Only 48% of patients said they were always involved in decisions about their treatment, and 29% of patients didn't know who was in charge of their case while they were in the hospital.
"That's terrible," says Beth Lown, medical director of the Schwartz Center for Compassionate Healthcare at Massachusetts General Hospital, which commissioned the survey by Marttila Strategies in Boston. These patients "are orphans" in the hospital, she says.
Eighty-one percent of patients and 71% of doctors agreed communication made a difference in "whether a patient lives or dies," according to the survey of 500 doctors and 800 patients.

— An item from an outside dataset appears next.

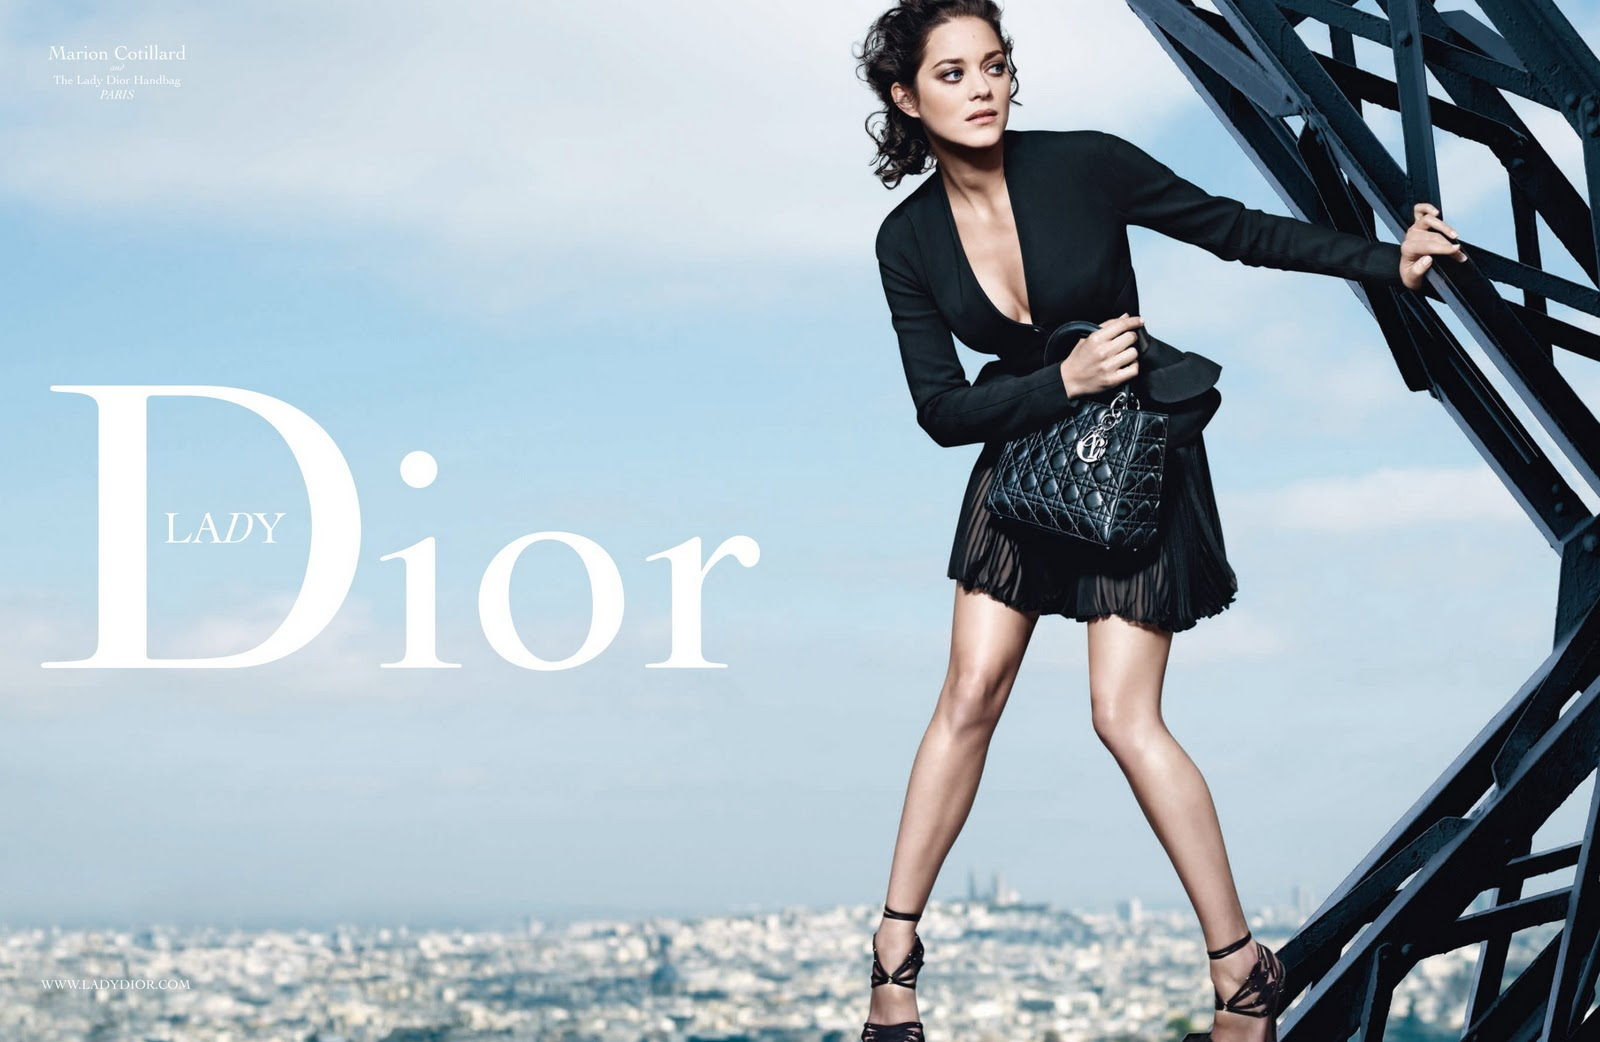 http://4.bp.blogspot.com/_m5u9mNBBNAc/TMEk-4QLTwI/AAAAAAAAAow/hQkw5xG4-Ls/s1600/christian+dior+2009+advert+marion+cotillard+noir+lady+dior+paris.jpg
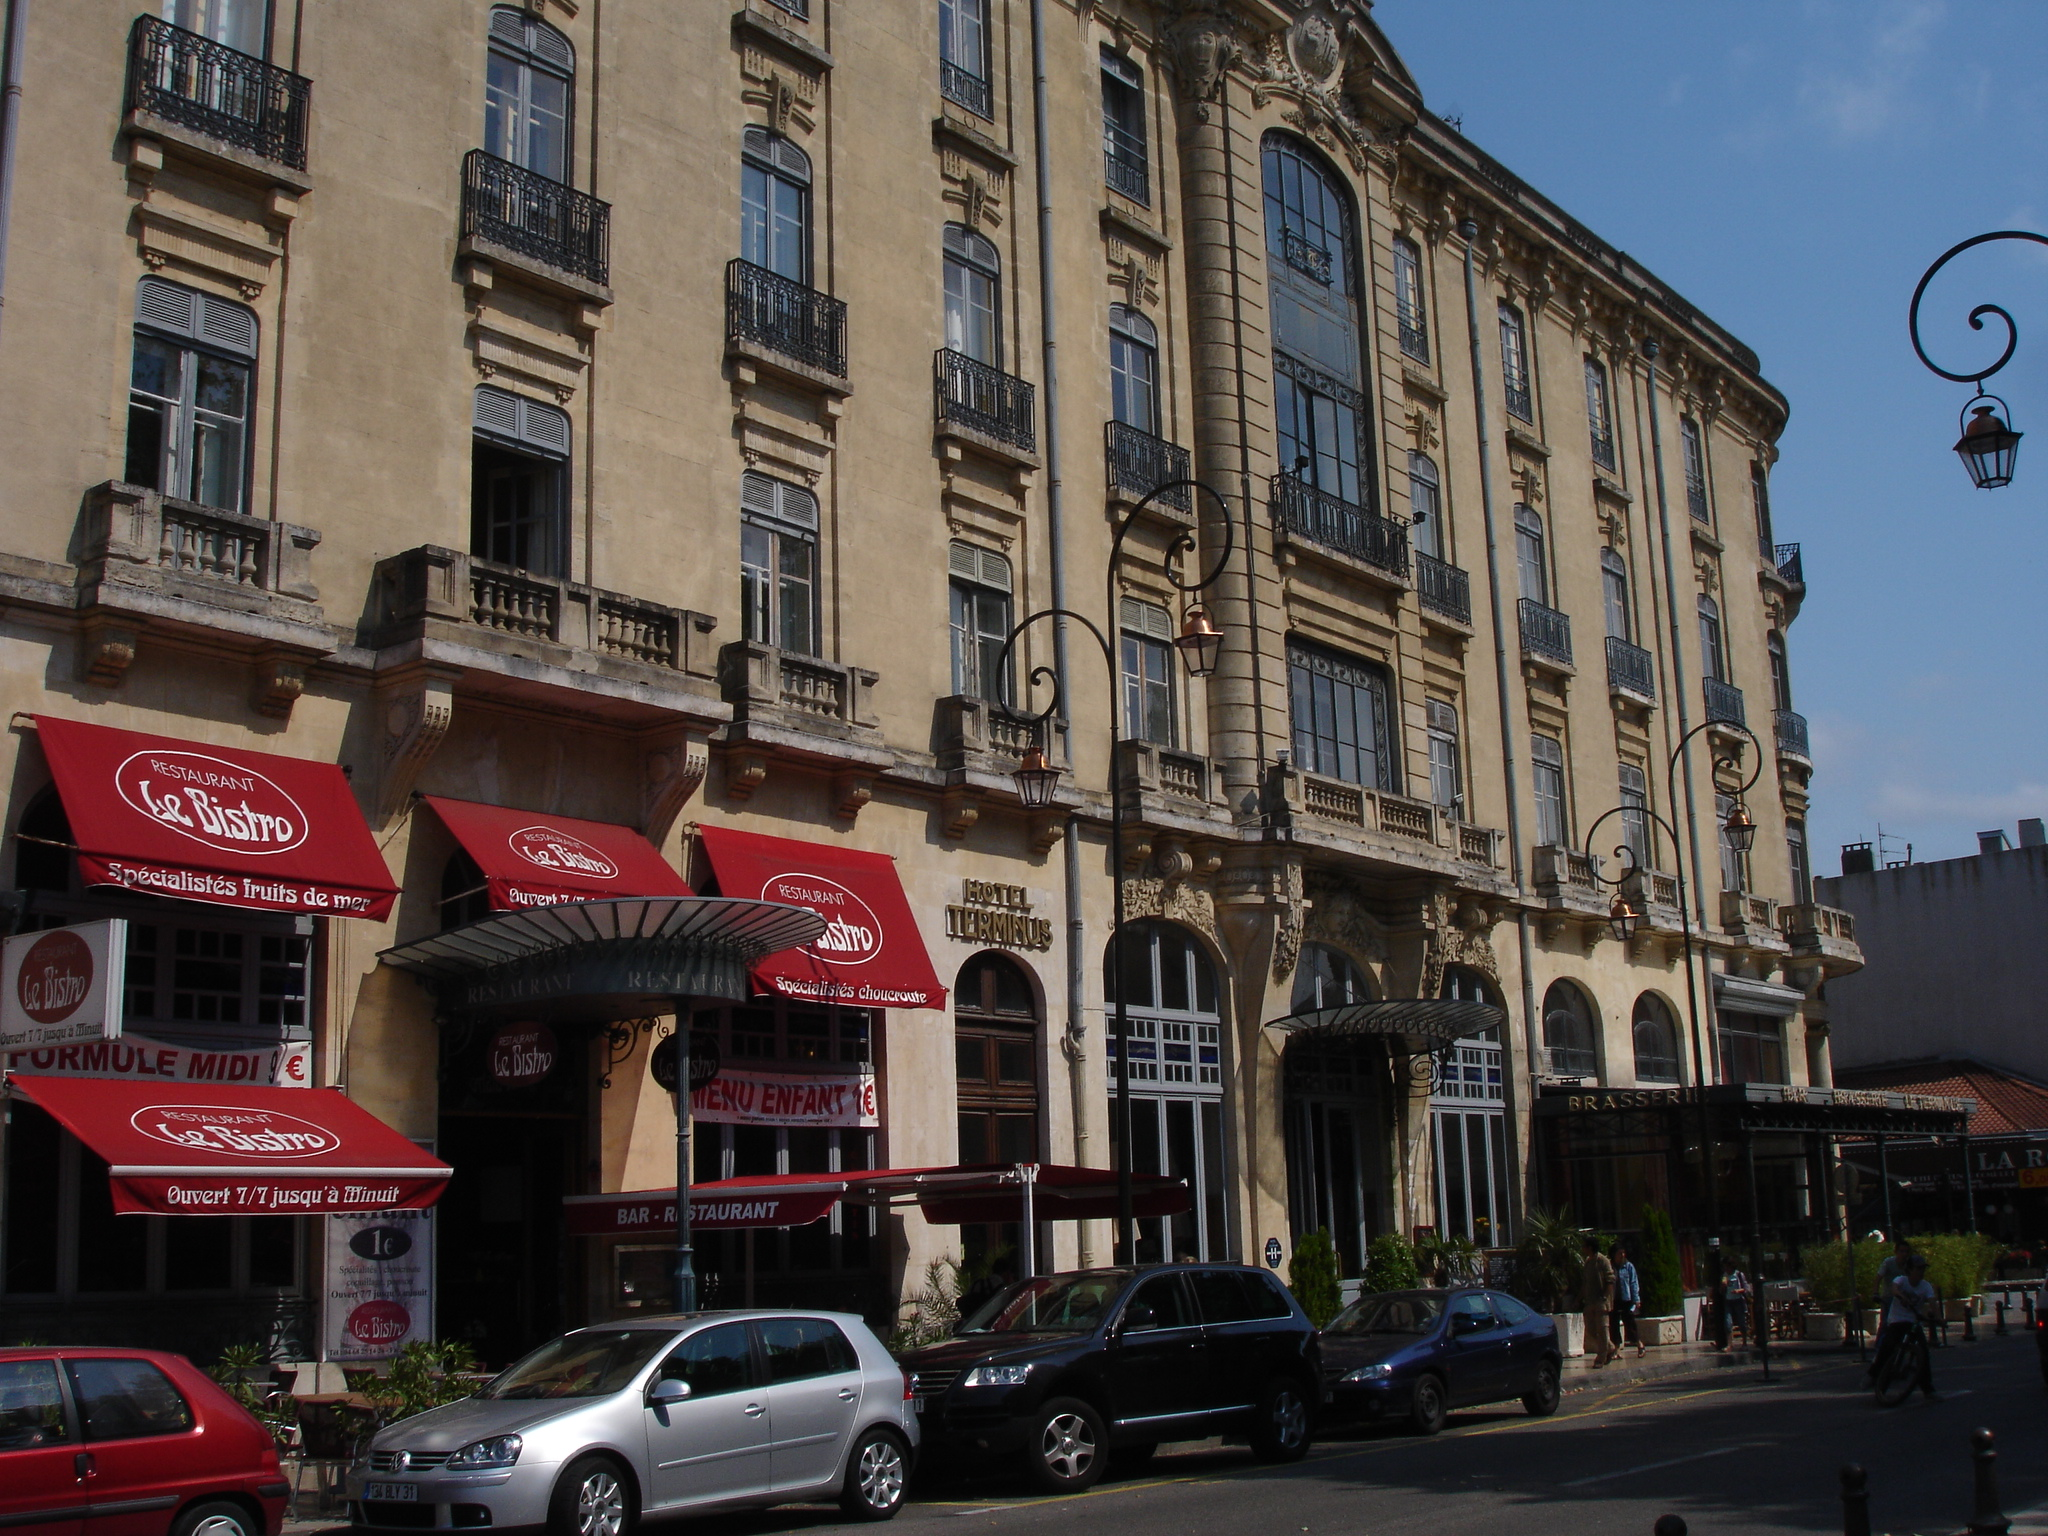 terminus hotels Contact 25hours hotel paris terminus nord 12 boulevard de denain 75010 paris general contact: p +33 1 42 80 20 00 terminusnord@25hours-hotelscom ×.

"So there's a disconnect between what people say they want and what's happening," says Gregory Makoul, chairman of the American Academy on Communication in Healthcare.
Emphasis on better communication has increased in recent years as the medical community has become more aware of its effect on patient healing. Since 1995, U.S. medical students have been required to get training in communication skills. And in 2005, the United States Medical Licensing Exam began to include testing on interpersonal and communication skills.
Communication skills and high patient-satisfaction scores can give hospitals a competitive edge as well as reduce malpractice claims, says Debra Roter, a professor at Johns Hopkins University in Baltimore.